For many years, local authorities in England have been sending aggregate data on their cohort of children and young people with special educational needs and disabilities (SEND) to the Department for Education.
The return is extremely important for the DfE given the high-profile nature of the area of SEND and the extremely large amount of money involved in the current financial climate.
Of course, any improvements and more modern ways of monitoring are very welcomed, but are we simply counting the wrong things in a better way?
A step in the right direction
The SEN survey – more commonly known as the SEN2 survey – is an annual statutory data collection that takes place early in the year.
Local authorities complete the return with information spanning the previous 12 calendar months on children with education, health and care plans (EHCPs), and in the past submitted aggregated reports back to the DfE.
In 2023, however, with information relating to the previous 12 months for assessments – and going back even further for ongoing EHCPs – local authorities were required to submit data to the DfE per child, rather than aggregated.
This was undertaken with varying degrees of success, prompting some data quality warnings on certain elements of the statistics produced.
Information such as the name, date of birth, gender and ethnicity of the child or young person were included this year for the first time. Also, and again for the first time, the return includes details of a child’s EHCP, such as the date it started and the establishment named in the plan, which would usually be the school or setting they should attend.
It is a welcome change to see the return has been updated to collect a much more holistic picture of what is happening with regards to assessments, reviews and provision, and it even includes demographic information such as sex and ethnicity.

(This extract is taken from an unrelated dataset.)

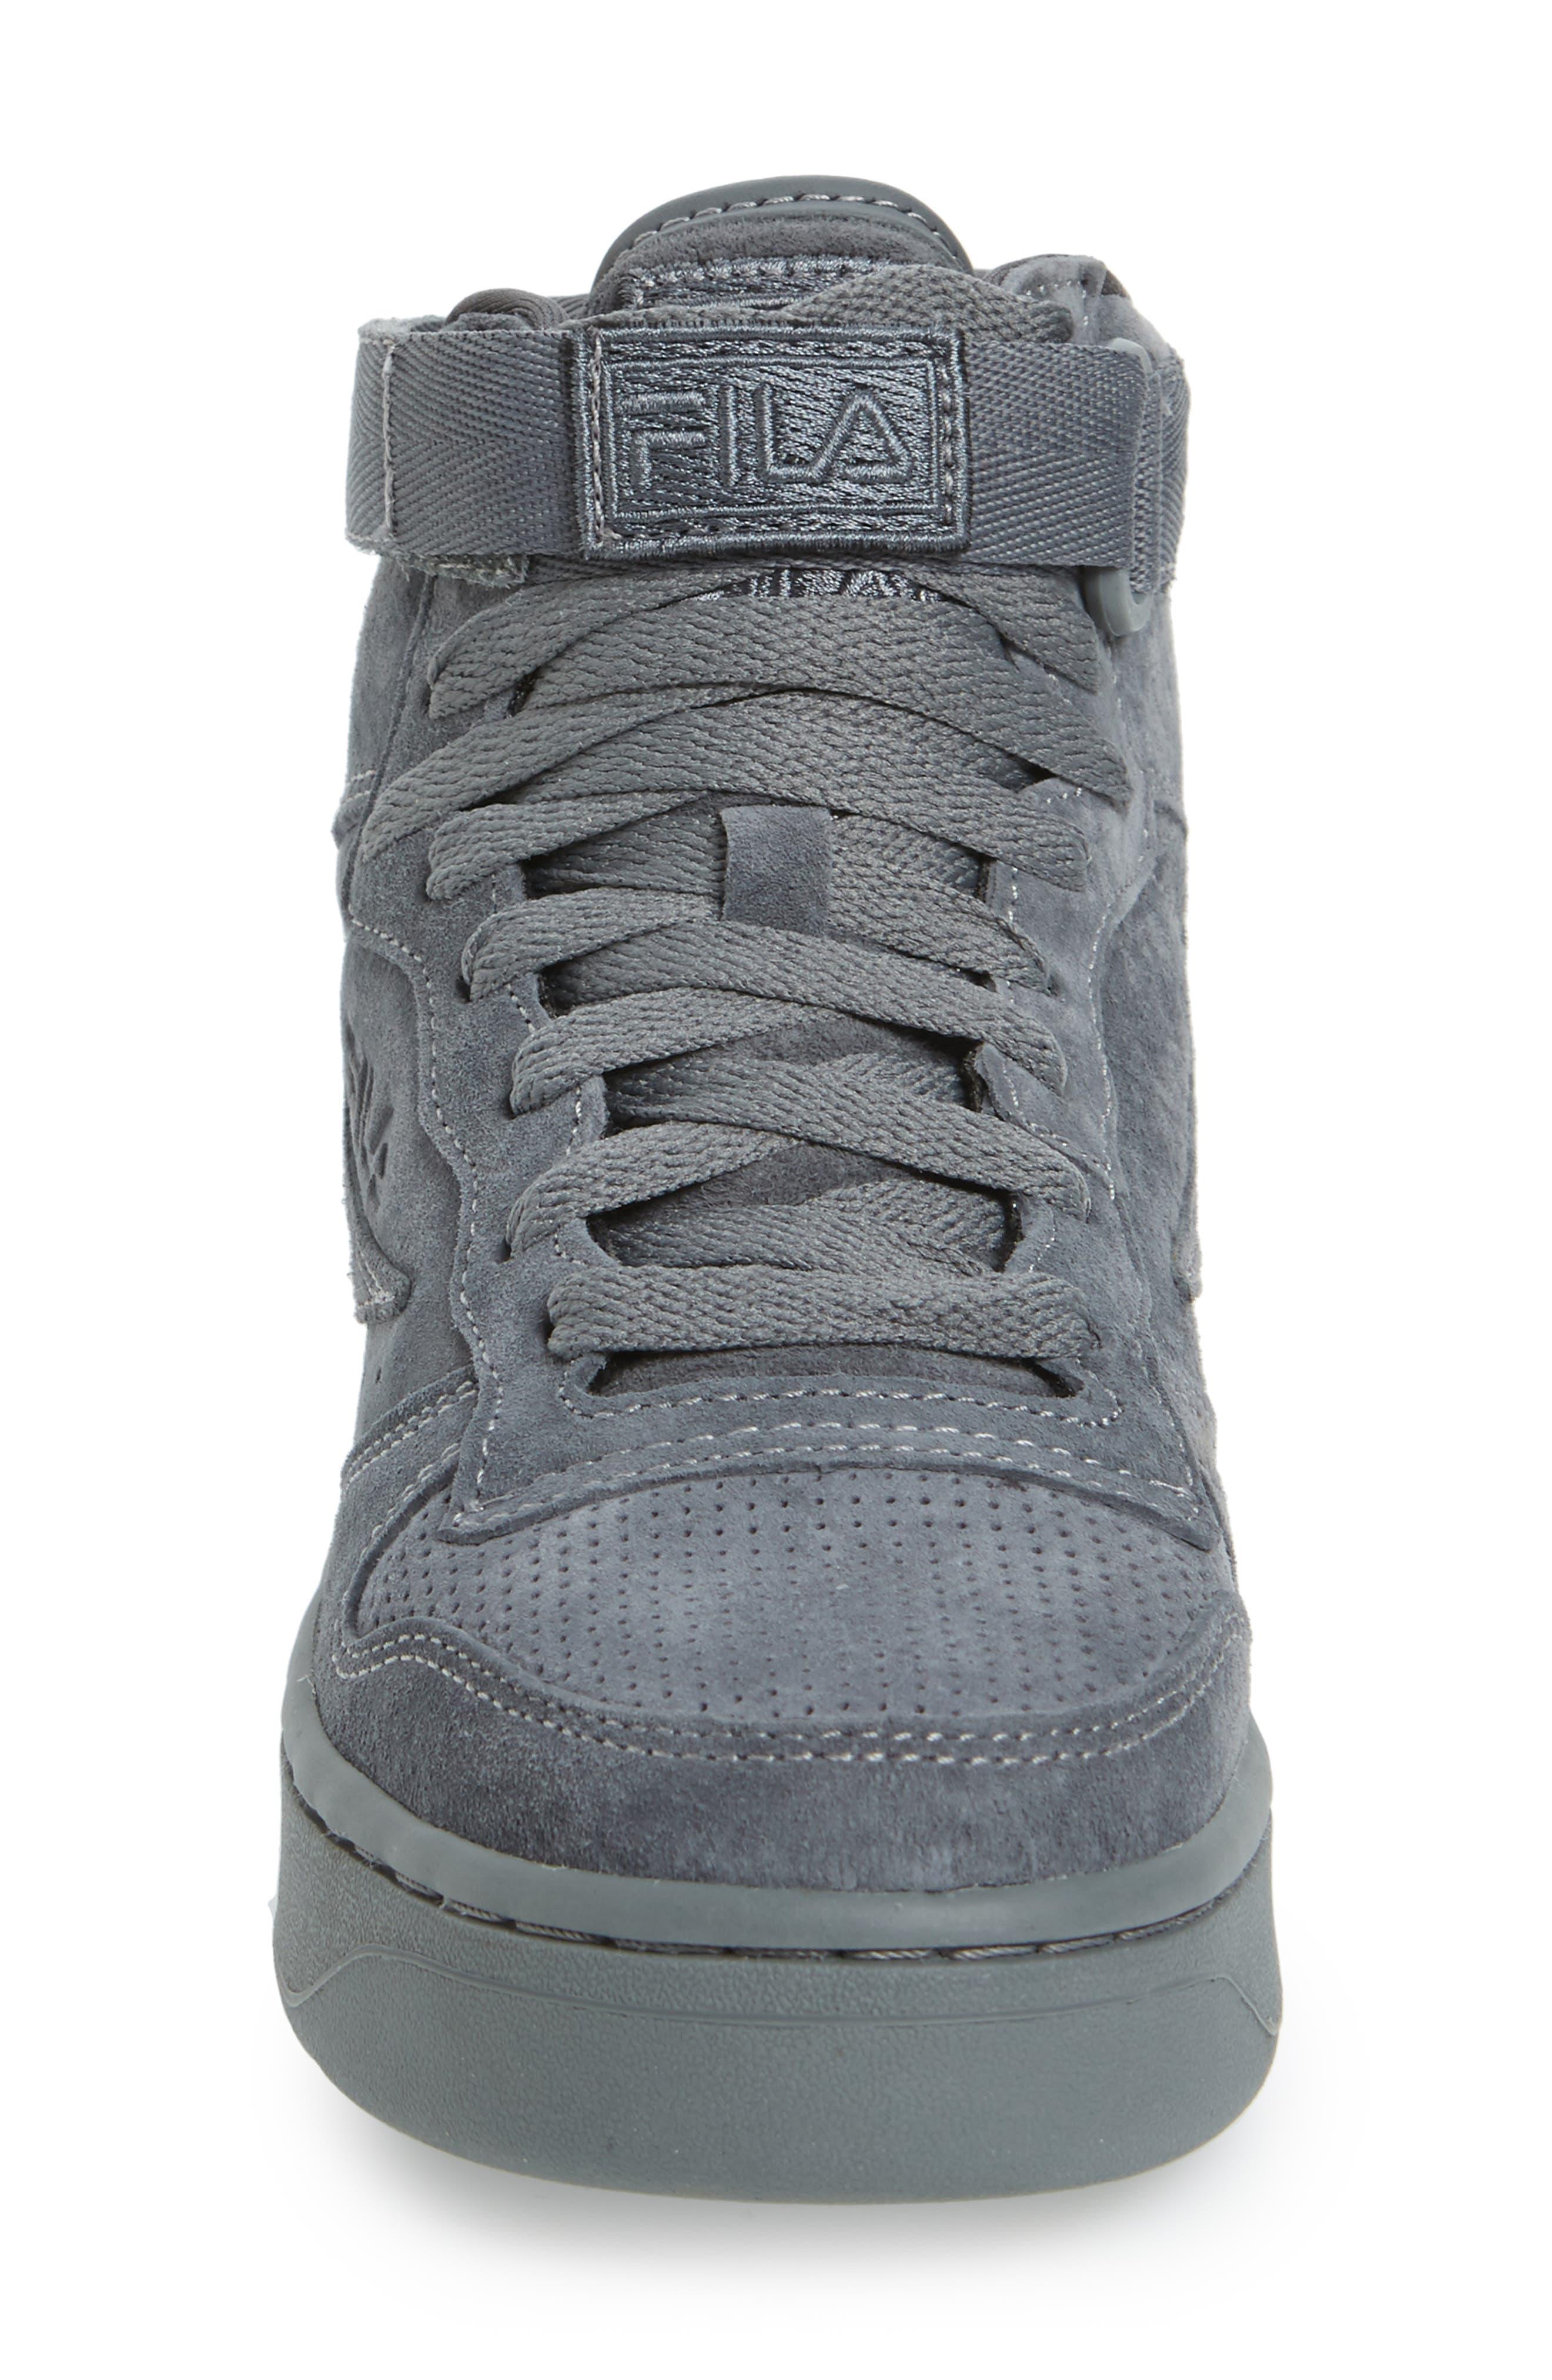 USA FX-100 High Top Sneaker,                             Alternate thumbnail 3, color,                             050

However, the data that is released following that collection is still highly aggregated and has drawn the same narrow conclusions from many in the sector, which may be a missed opportunity.
Not counting what counts
Statistics are of course swiftly analysed across the sector, closely followed by published lists of local authorities labelled as not having met targets or having performed worse than in previous years. Yet let’s remember that the data collected by SEN2 counts processes, not outcomes, experiences, progress or quality,
Ultimately, as some colleagues pointed out to me recently, SEN2 is still simply counting processes. Regardless of how narrowly or holistically it does this, to many in the sector it doesn’t feel like anything more than a box-ticking exercise in some cases.
What’s more, does the pressure local authorities feel not to be thrown into the “bad” category in the public domain push them into making decisions which are more about meeting timescales and bureaucracy, than the needs of the children, young people and families they support?
A recent inspection report of one local authority captures exactly this when it states: “Leaders have worked to ensure that EHC plans are produced within the nationally set timescale. However, they are often overly long and unnecessarily complicated. This, combined with the lack of meaningful contributions from health and social care, makes the plans difficult for practitioners to deliver and, therefore, less likely to have a positive impact on children and young people.”
This raises the question of whether SEN2 creates a greater problem than it seeks to solve.
Meeting the 20-week deadline for the issuing of a plan has been the pinnacle of local authority SEND teams, predominantly because it is the key figure reported for SEN2. Often, however, this is to the detriment of annual reviews which in many authorities have become significantly overdue for thousands of children and young people.
Years of cuts
Following years of cuts from central government, local authority teams don’t have the resources required to do all of the things, all of the time, so they naturally gravitate to the functions that are measured, scrutinised and reported.
But is that to the detriment of children and young people? Are we encouraging councils to do what is counted, not what counts?
What counts, ultimately, depends on the role you play in the current system. However, almost everybody – parents, professionals and civil servants – would agree that putting in place the right support in order to promote positive progress and outcomes is why we are in the business we are in.
The recently published SEND and Alternative Provision Improvement Plan opens with the following statement: “Children only get one childhood. They deserve to get the support they need to thrive and prepare for happy, healthy and productive adulthoods.
“For children and young people with special educational needs and disabilities or in alternative provision, this is especially vital.”
Measuring lived experience
How can we measure if the system is delivering this? Parents of children with SEND will know what works and what doesn’t work for their children – they are the ones who have first-hand knowledge of the day-to-day experiences of their children, what works and what doesn’t. The DfE already know this and as part of its inspection processes already surveys parents to get their input.
In a recent Ofsted SEND area inspection of arrangements in Oxfordshire, around 2,000 parents and carers from the local area shared their views with inspectors.
The report, published in September, recounts: “A tangible sense of helplessness runs through their descriptions of their lived experiences. These were typically about the years spent waiting or struggling to be heard to get support in education, health and care.”
Oxfordshire was found to have “widespread and/or systemic failings leading to significant concerns about the experiences and outcomes of children and young people with special educational needs and/or disabilities”.
It is important to recognise that the “experiences and outcomes” of children are baked into Ofsted’s new inspection framework with all three possible judgments of a report referring to them specifically, so why are we not measuring these rather than counting processes?
If we truly want to take the temperature of the system, why can’t we divert the significant resources used on number crunching to instead focus on the experience and outcomes of the children themselves?